Developing and Proving Your Own Scientific Theories

The scientific method is nothing less than the process of bringing the dimension of abstract mental thought to concrete material reality. One completely immerses themselves in the observation of patterns and interrelationships between the various factors influencing the object of their research. Once enough data has been collected and analyzed, one can begin deriving his or her own conclusions by utilizing the greatest tool for any scientist, the imagination.

In the imagination of the scientist various possible theories are developed. The scientist will test a theory by formulating various hypothesis, a projected result or expectations, and updating it with the results of various experiments.

When a hypothesis has been adequately tested and proven, it then becomes a theory.

These terms are often times confused; yet they are each a separate phase of the scientific method, and their purpose should be well understood…

Fact: Observations regarding an aspect of the world around us.
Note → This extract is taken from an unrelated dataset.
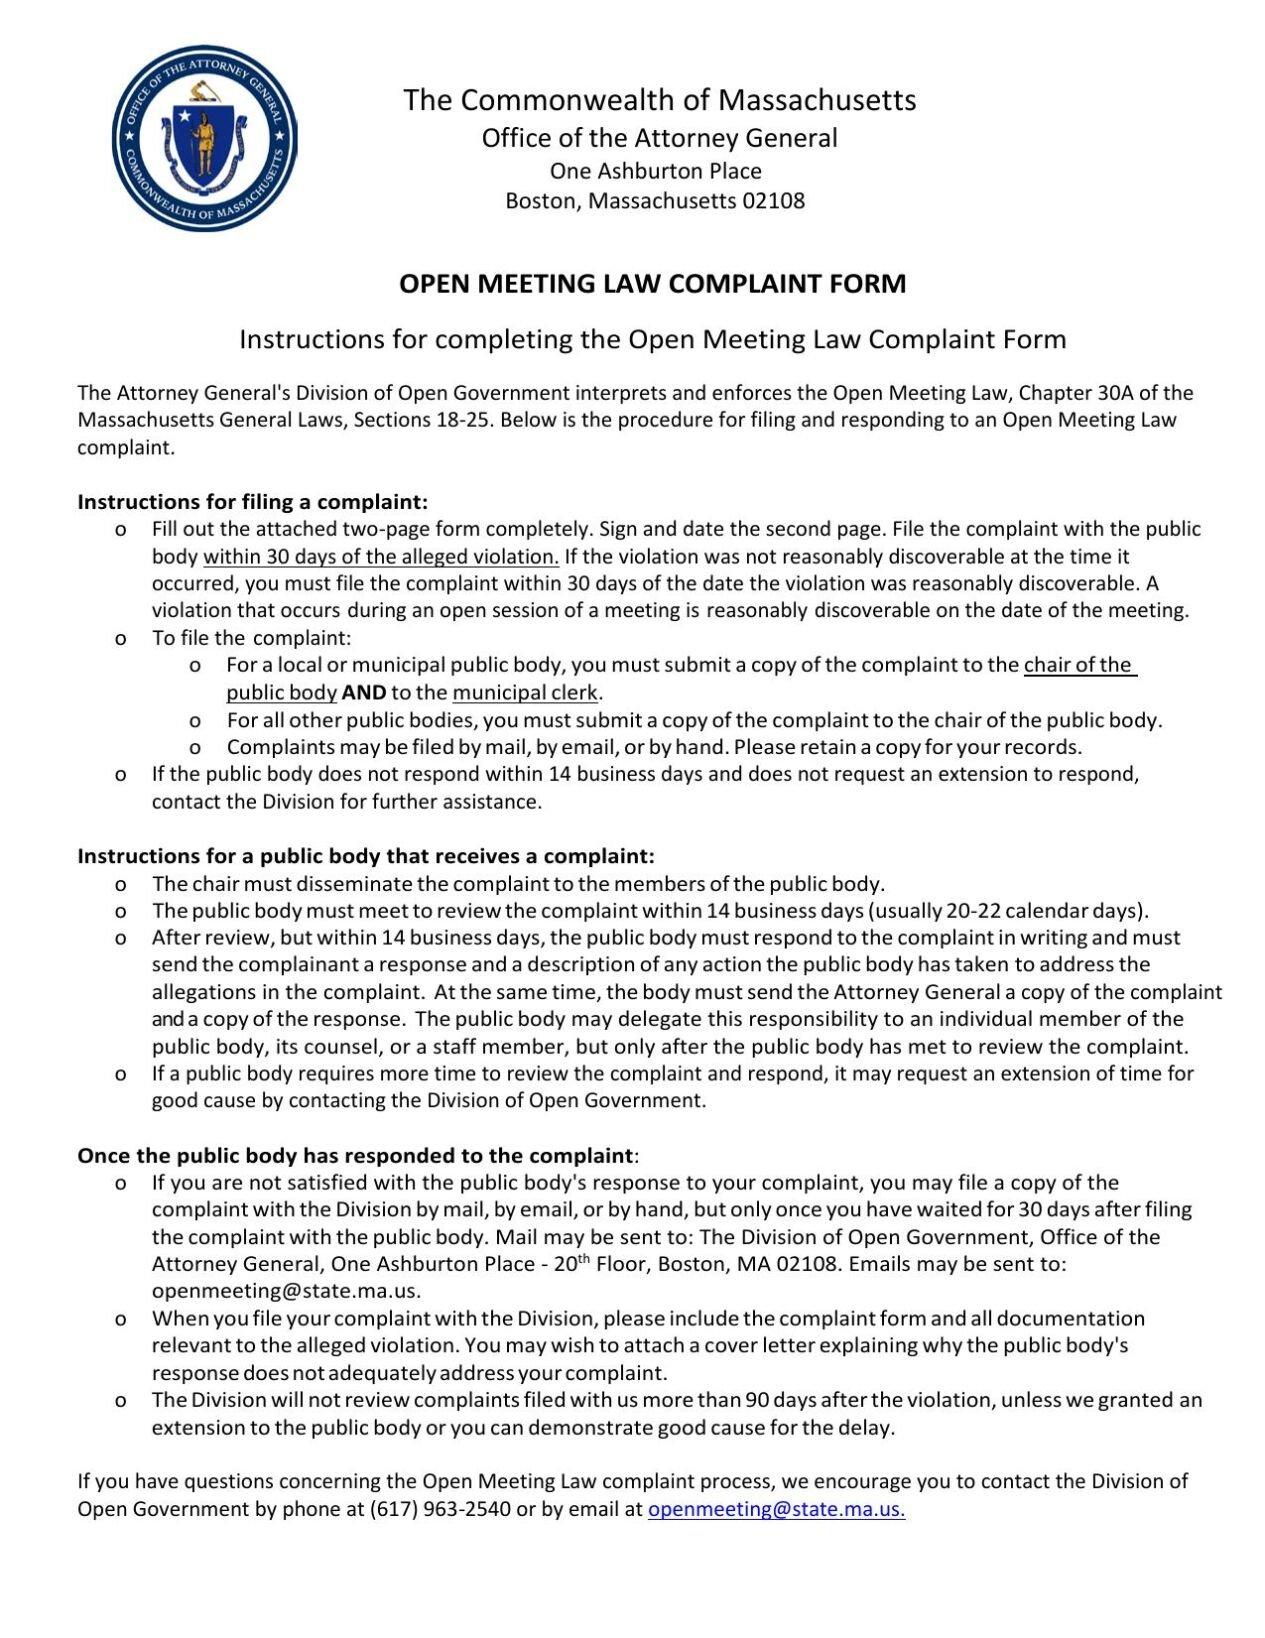 Attorney General's Office Open Meeting Law Complaint Form.pdf (201.34 KiB)

Such as: “It’s hot outside.”

Hypothesis: A possible explanation for an occurrence, pattern or phenomenon made as a departure point for further experimentation. Example: “It’s hot outside because the sun is out.”

Theory: A proposed conclusion with substantial proof derived from applying the scientific method, and validated through observation and experimentation. Example: “When the sun is out, it tends to make it hot outside.”

Law: A final statement based on continued experimental observations that explain some phenomenon of nature. A law involves a description about how something, but not necessarily why it happened. Example: Newton’s First Law of Motion.

The best way you can impart a passion for natural science in your students is to fuel your own passions and interests first and foremost. The more excited you get about science, the more you are able to convey the true spirit of science to your pupils.